Wenn ich morgen zum Frühstück fahre, wird sich das Panorama von Paris meinen Blicken enthüllen, Prospekt nach Prospekt: grüne Rasenflächen, weiße Gebäude, Villen im Schmucke der Blumen; heute fahr ich durch die glühweiße Hitze der Rue Blanche zum Frühstück. Der Rücken des Kutschers wird immer krummer vor Müdigkeit, und er wäre längst, vom Schlaf übermannt, zusammengesunken, wenn die großen Pflastersteine das Gefährt nicht von einer Seite auf die andre schuckelten. Noch müssen wir die Rue Lepic hinanklimmen; das arme, einer Ohnmacht nahe, kleine Tier wird nie imstande sein, mich bis zur Butte zu ziehn. Ich lasse deshalb meinen Wagen halten, teils aus Mitleid, teils weil ich die Rue Lepic studieren möchte, so typisch ist sie für die besseren unteren Volksschichten. In der Rue Blanche findet man portes-cochères, aber in der Rue Lepic sind die Haustüren eng, teilweise vergittert, und münden auf einen schmalen Gang, an dessen Ende, zwischen Wand und Treppe eingezwängt, kleine Zimmer liegen, in denen die Portierfrauen – ewig en camisole – beim Gemüseputzen und bei Näharbeiten sitzen. Die an die ausgebleichten gelben Wände zurückgeklappten Holzblenden lassen einen Streifen des weißen Bettvorhangs sehn und eine schwerfällige Frau von mittlerem Alter en camisole; sie geht hin und her zwischen dem Kochherd, darauf, in einem Blecheimer eingeweicht, ein Kaninchen liegt, und den Männern, die bei ihrem Handwerk im Fenster sitzen.

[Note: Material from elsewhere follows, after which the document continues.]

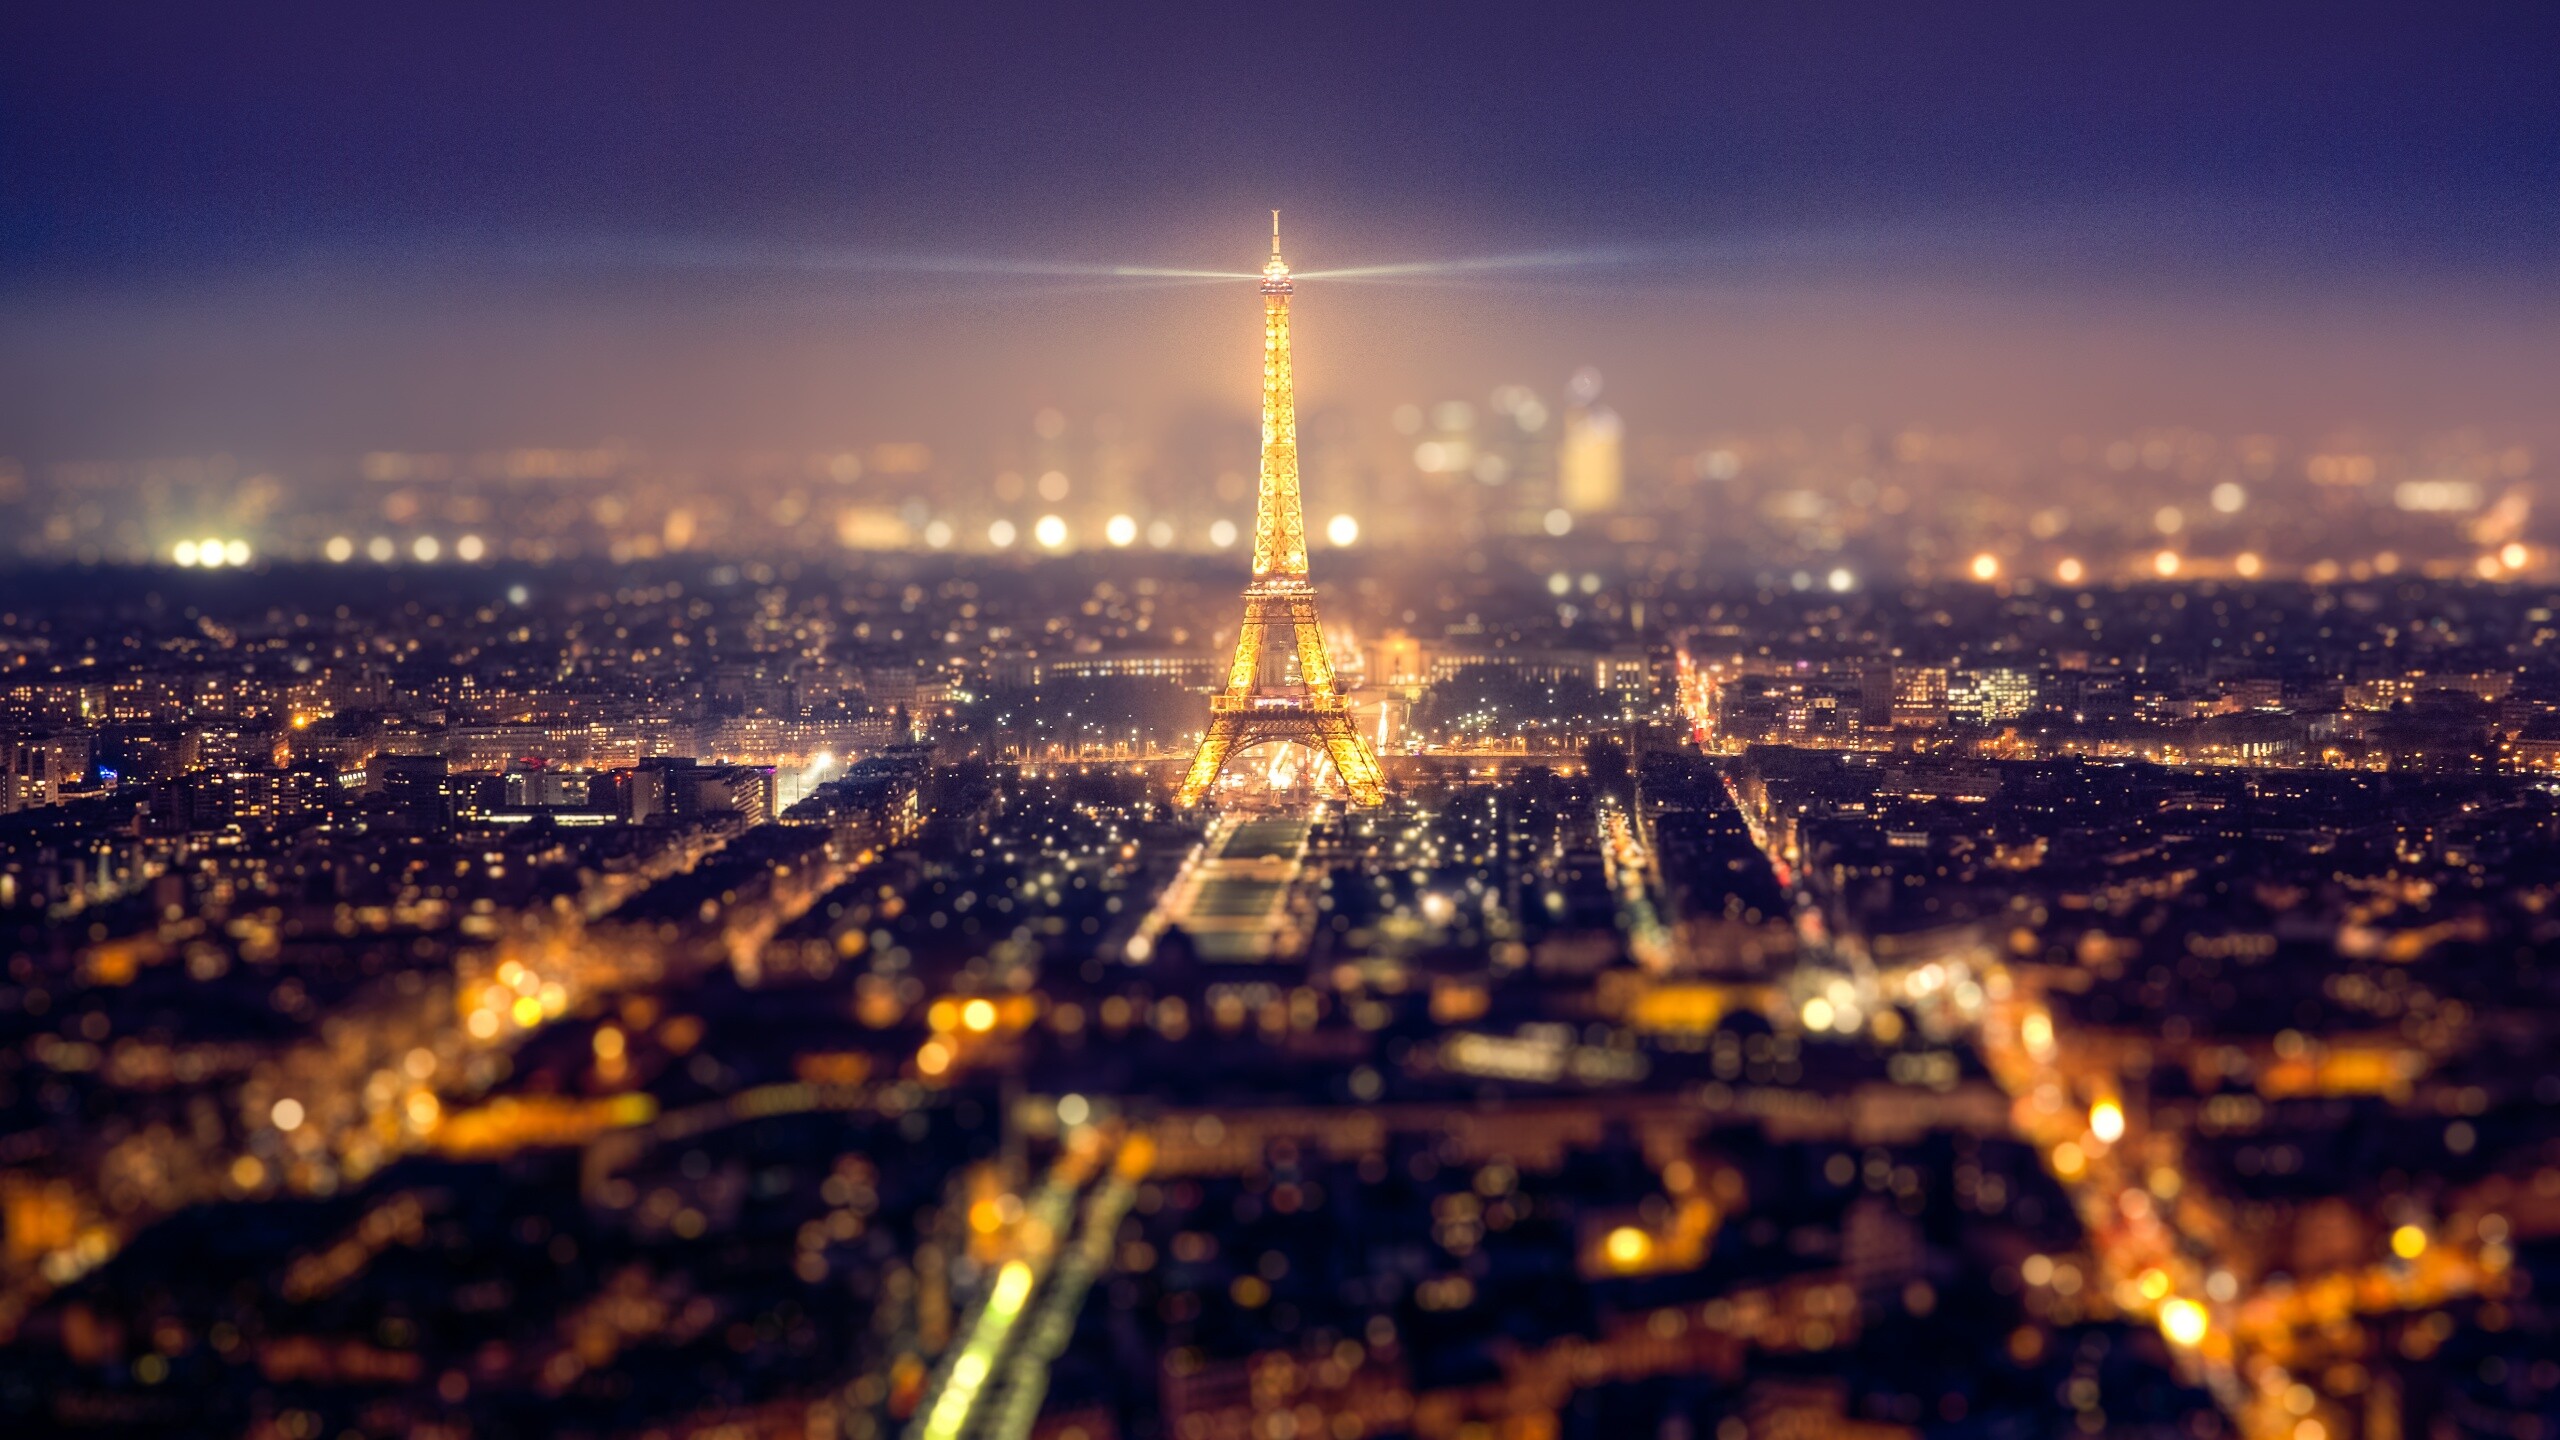 Gold Lights: Night in the city of Paris, Eiffel Tower's golden glittering lighting, The City of Lights. 2560x1440 HD Wallpaper.
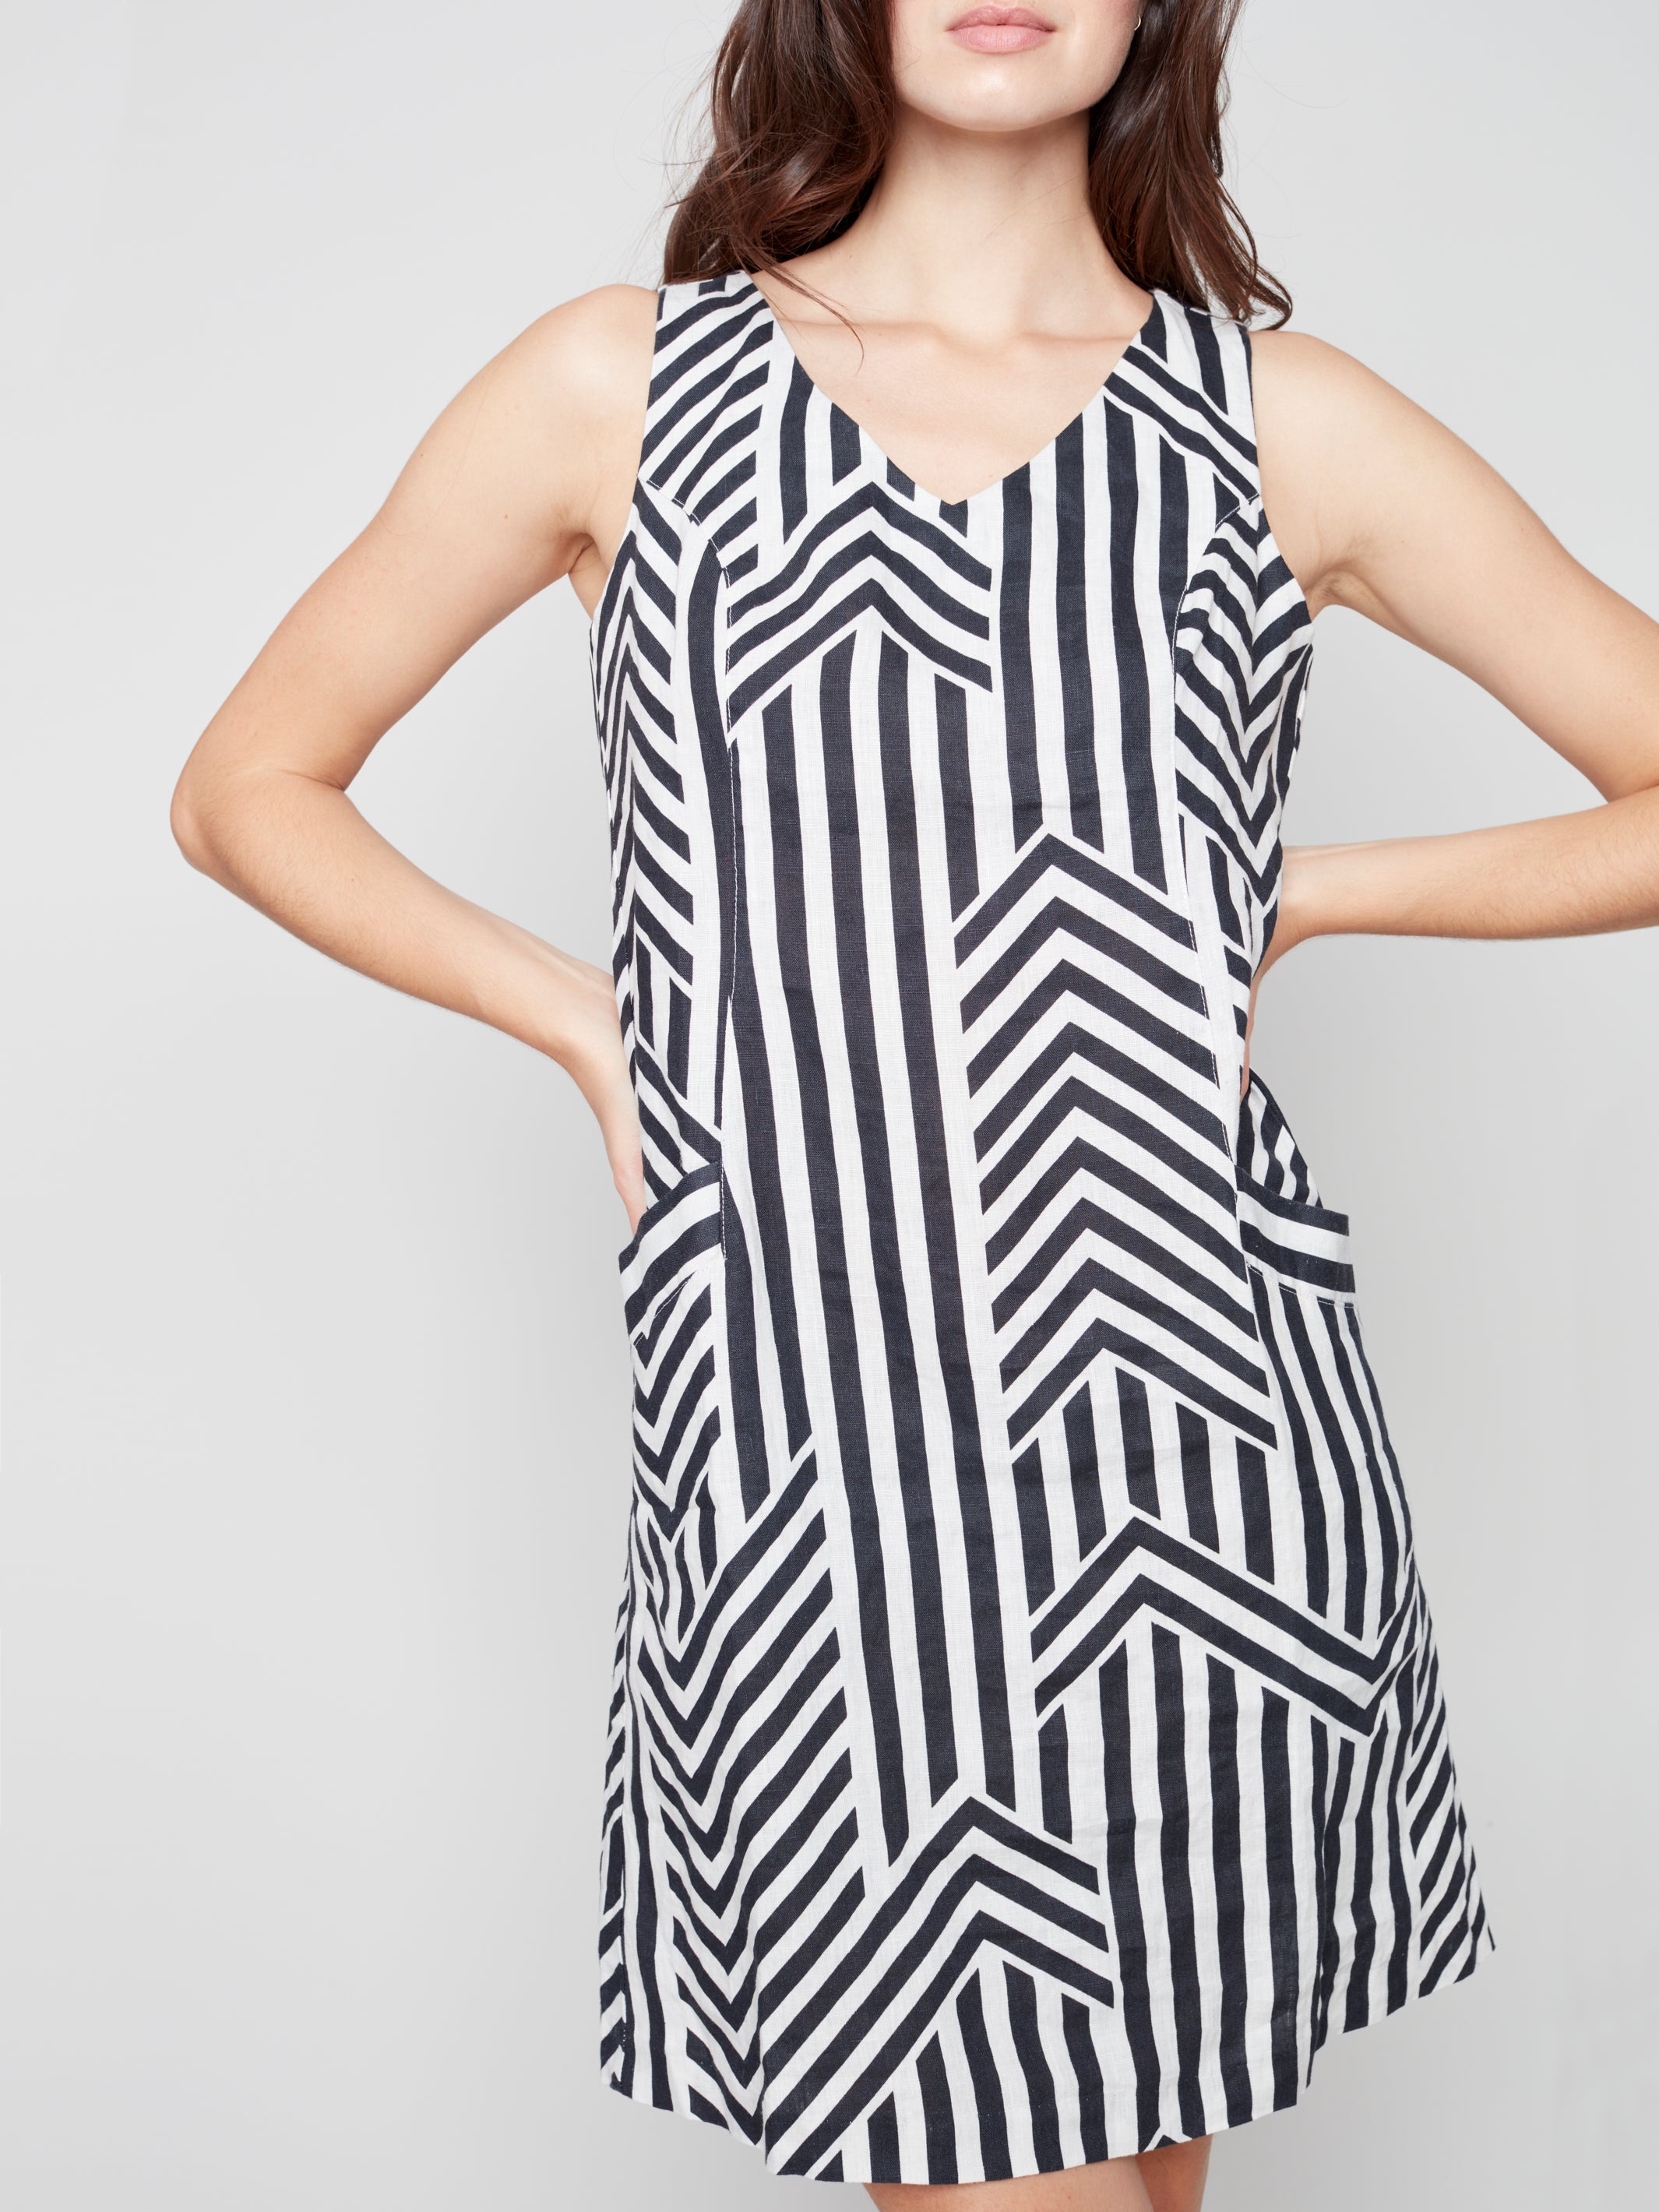 Geometric Printed Linen Dress by Charlie B

Der Ledergeruch folgt mir mehrere Schritte. Ein paar Häuser weiter fitzt ein Mädchen und garniert einen Hut, daneben die Mutter. Das Mädchen blickt auf, blaß und erschöpft von der Hitze. An der nächsten Straßenecke wohnt der marchand de vins, gegenüber der schmutzige kleine charbonnier, und um ein Loch, das er seine boutique nennt, steht eine Gruppe Weiber in verschossenen Peignoirs und plumpen gestickten Pantoffeln. Sie tragen Körbe am Arm. Überall Spuren eines kärglichen, bescheidenen Lebens, aber nirgends der blöde arme Schlucker, der bei uns in London auf den Straßen so häufig ist – der Barfüßige, das scheue, ängstliche Geschöpf, der Mann, der an einer Rinde nagt und sich das schwarze, zerlumpte Hemd über die schwindsüchtige Brust zieht.

Der Asphalt ist kochend heiß, die Steine strahlen unerträgliche Wärme aus, meine Füße schmerzen und brennen. Am obern Ende der Straße komme ich in eine noch ärmere Gegend, eine noch steilere Straße, die jedoch so eng ist, daß sich die Häuserschatten schon über das Pflaster zu breiten begonnen haben. An ihrem Ende ist eine Treppe, darüber ein kleiner Grashügel, darüber eine Windmühle, die ihre schwarzen, regungslosen Flügel in die Luft streckt. Sie ist jetzt nämlich ein stummes Prunkstück, ein Reklameschild für das Tanzlokal Moulin de la Galette.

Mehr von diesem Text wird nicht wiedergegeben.